1. The first case upheld below deals with compulsory retirement by virtue of reaching the age of 65. The Equality Officer found that the respondent had not objectively justified the retirement age.
2. The second case was not upheld but is useful to anyone conducting investigations in that it finds that the issue of an investigation report is unlikely to be construed as adverse treatment of a complainant just because they disagree with it. The Decision also examines what ‘protected act’ the complainant had performed in order to avail of the protection available via the victimisation provisions. As there was none, the claim could not succeed.

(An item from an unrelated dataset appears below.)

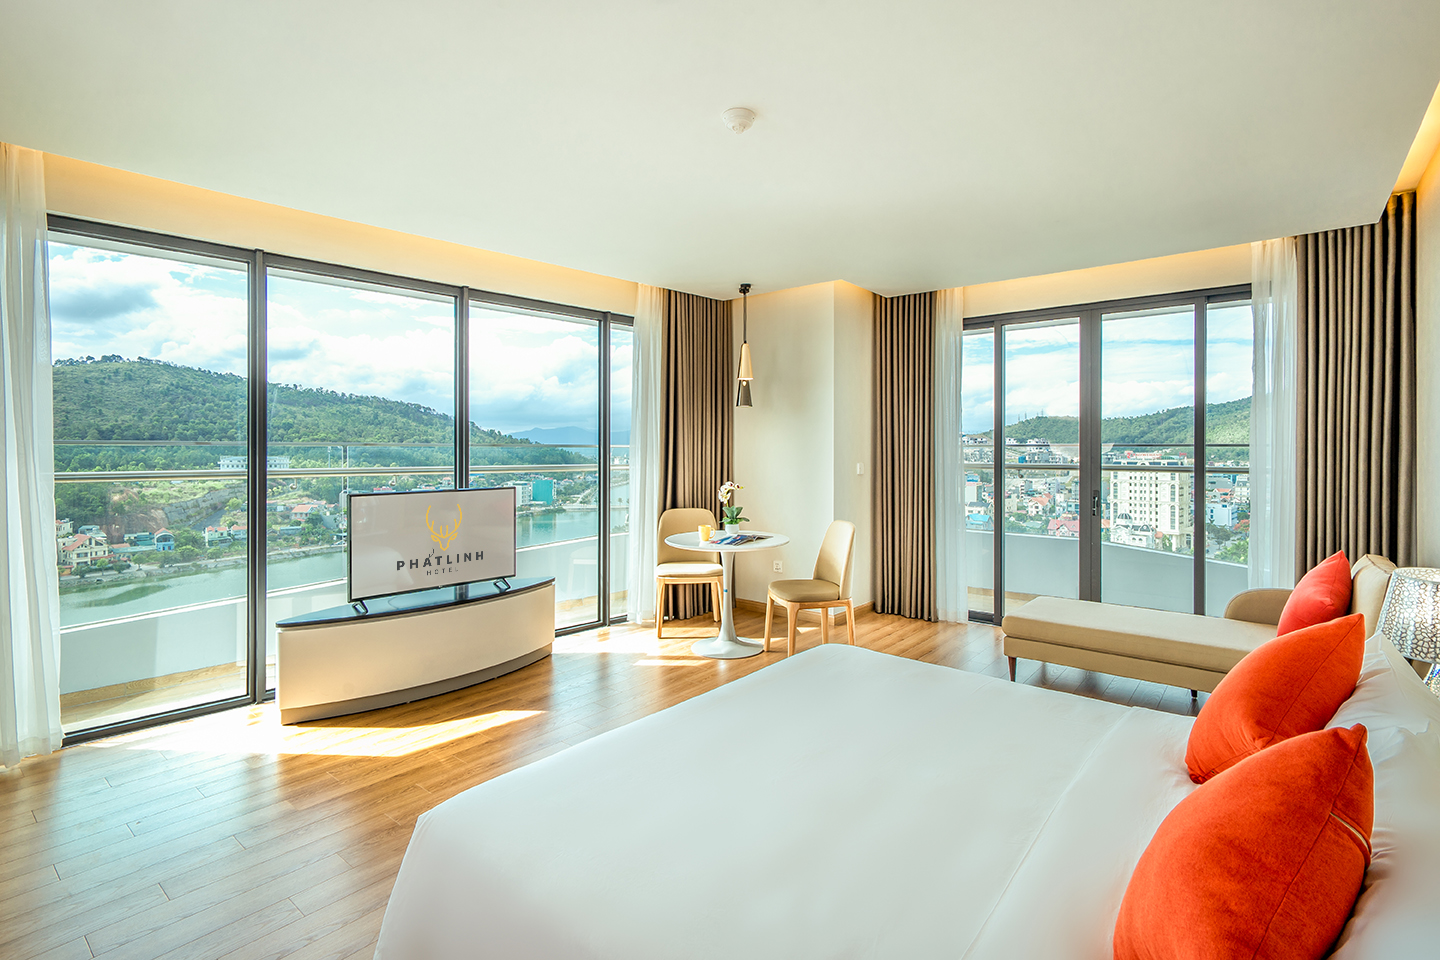 Ngắm nhìn khung cảnh kì vĩ của miền di sản từ khách sạn Phát Linh Hạ Long

3. This Decision relates to a lecturer in NUI Galway who was awarded €81,000 and the restoration of her title of Lecturer was ordered. Interestingly, the Equality Officer found that a term in the complainant’s contract of employment was discriminatory and this flowed through more than one contract and amounted to ongoing discrimination.
4. Finally, this review of a Labour Court Determination takes a quick look at the operation of section 77A of the Employment Equality Acts, dismissal of claims as frivolous, vexatious, misconceived or relating to a trivial matter. This appeal under that section affirms a dismissal by the Equality Tribunal.
1. DEC-E2014-031, O’Mahony v Southwest Doctors on Call Ltd., (trading as SouthDoc)
Issues: Age, compulsory retirement, objective justification
The complainant was employed by the respondent, who deliberately selected older people, in the role of Driver/Attendant. This role included driving doctors and occasionally assisting in lifting. The complainant asserted that he asked at interview if he would retire at 65 and he was told he would not. His contract made no mention of retirement ages. It is agreed that until 2008 employees could work beyond 65. Following a process engaged in with SIPTU the employer reissued the complainant with a contract which now included a retirement age of 65. The complainant did not sign the new contract but interestingly neither did he object to it in any way.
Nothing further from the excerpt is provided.